In Agda we use coinductive record types to represent coinductive data types. Moreover, we use sized types to help the termination checker to recognize productive corecursive function definitions. Therefore, the Partial type has an additional parameter of type Size:

data Partial (A : Set) (i : Size) : Set where
  now   : A → Partial A i
  later : ∞Partial A i → Partial A i

record ∞Partial (A : Set) (i : Size) : Set where
  coinductive
  constructor delay
  field
    force : {j : Size< i} → Partial A j

Mutual inductive and coinductive function definitions

The semantic functions eval and exec are well-defined because recursive calls take smaller arguments (either structurally or according to some measure), or are guarded by Later. For example, in the case of the Repeat language, eval is applied to the structurally smaller x and y in the case of Add or is guarded by Later in the case for Repeat:

eval :: Expr -> Partial Int
eval (Val n)      = return n
eval (Add x y)    = do m <- eval x; n <- eval y; return (m + n)
eval (Repeat x)   = do eval x; Later (eval (Repeat x))

This translates to two mutually recursive functions in Agda, one for recursive calls (applied to smaller arguments) and one for corecursive calls (guarded by Later). We use the prefix ∞ to distinguish the corecursive function from the recursive function. For example, for the Repeat language we write an eval and an ∞eval function:

mutual
  eval : ∀ {i} → Expr → Partial ℕ i
  eval (Val x) = return x
  eval (Add x y) =
    do n ← eval x
       m ← eval y
       return (n + m)
  eval (Repeat x) = eval x >> later (∞eval (Repeat x))

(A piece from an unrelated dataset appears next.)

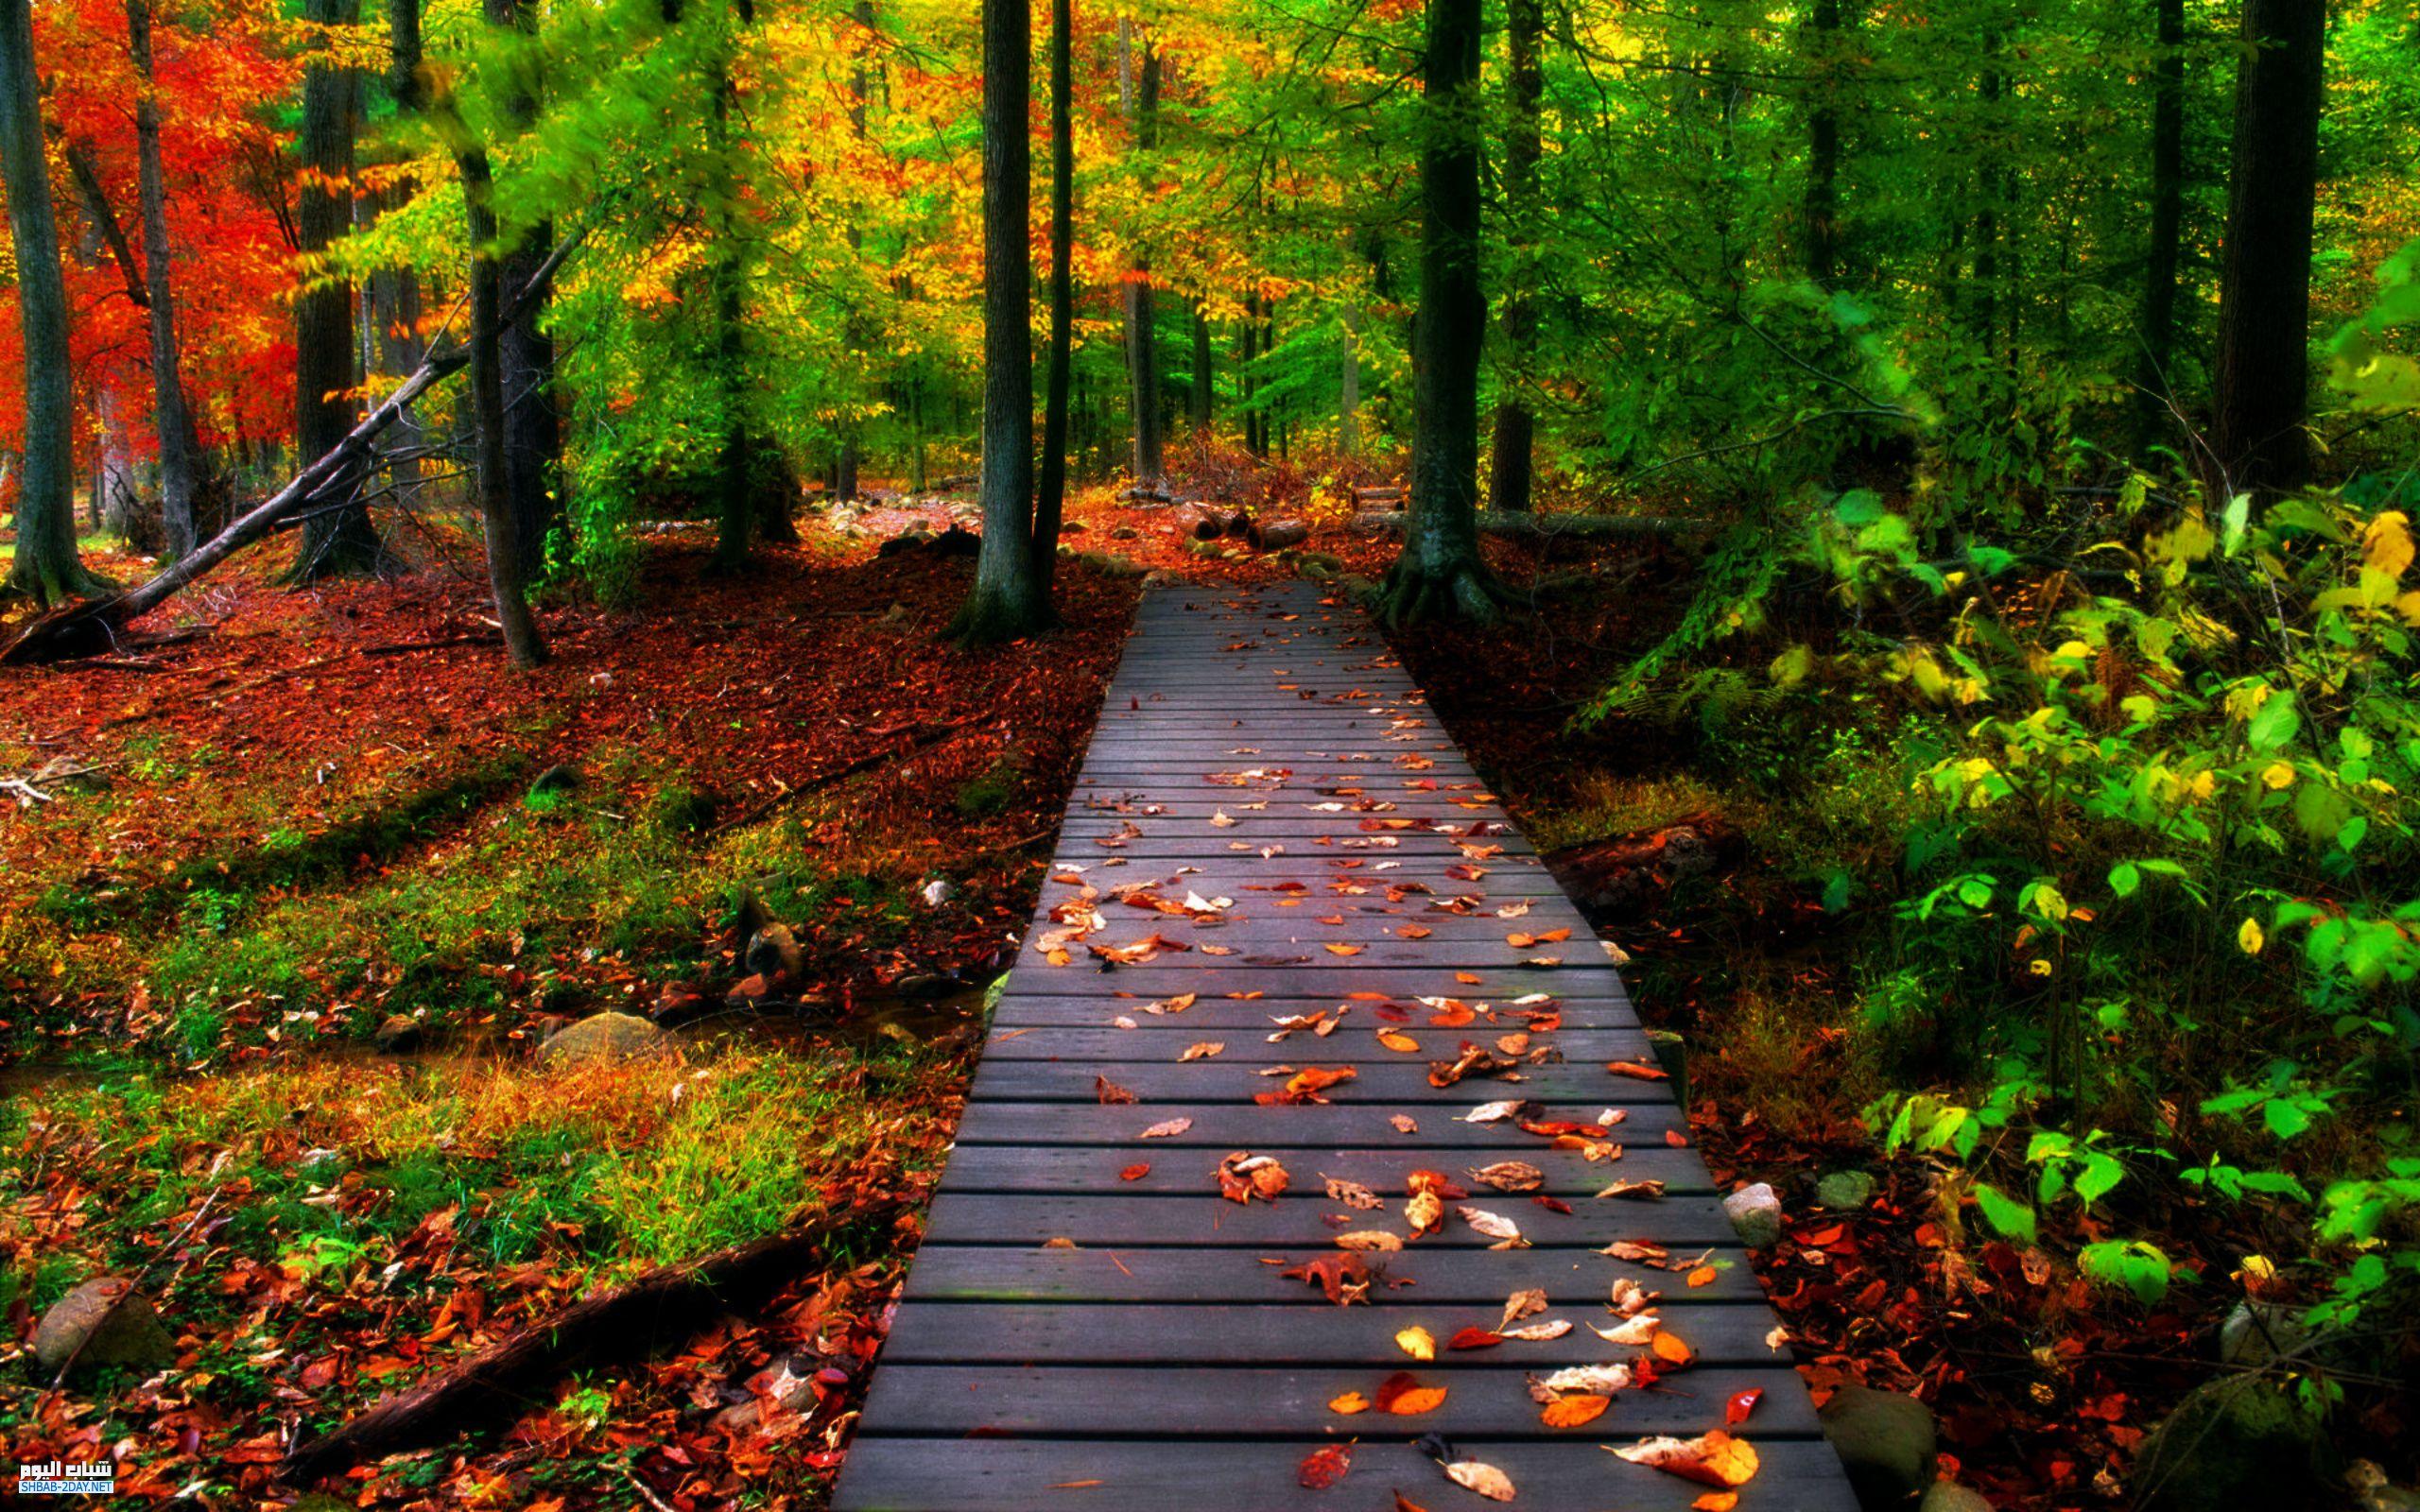 بالصور صور من الطبيعة , اجمل صور عن الطبيعة 3495 4

  ∞eval : ∀ {i} → Expr → ∞Partial ℕ i
  force (∞eval x) = eval x

Mutual inductive and coinductive types

In the paper, we use the ∞ notation to indicate coinductive arguments in mixed inductive and coinductive type definitions, e.g.:

data Code = HALT | REC (∞ Code) | ...

Similarly to the translation of function definitions, this ∞ notation can be translated into a mutual recursive definition of an inductive type Code and a coinductive type ∞Code in a canonical way (using sized types as for Partial):

mutual
  data Code (i : Size) : Set where
    HALT : Code i
    REC' : ∞Code i → Code i
    ...
  
  record ∞Code (i : Size) : Set where
    coinductive
    constructor delay
    field
      force :  {j : Size< i} → Code j

Definition of unravelling

The termination checker is disabled (using the TERMINATING pragma) for the definition of the generic unravelling transformation in Code.agda as Agda does not recognize it as total. We give an informal argument in Code.agda why unravelling is terminating. Since the argument depends on parametricity we cannot make this formal in Agda. As an alternative, the DeBruijn folder contains a variant of the formalisation that uses de Bruijn indices instead of parametric higher-order abstract syntax. This allows us to define unravelling in a way that Agda recognises as total but at the expense of clarity in the compiler calculations.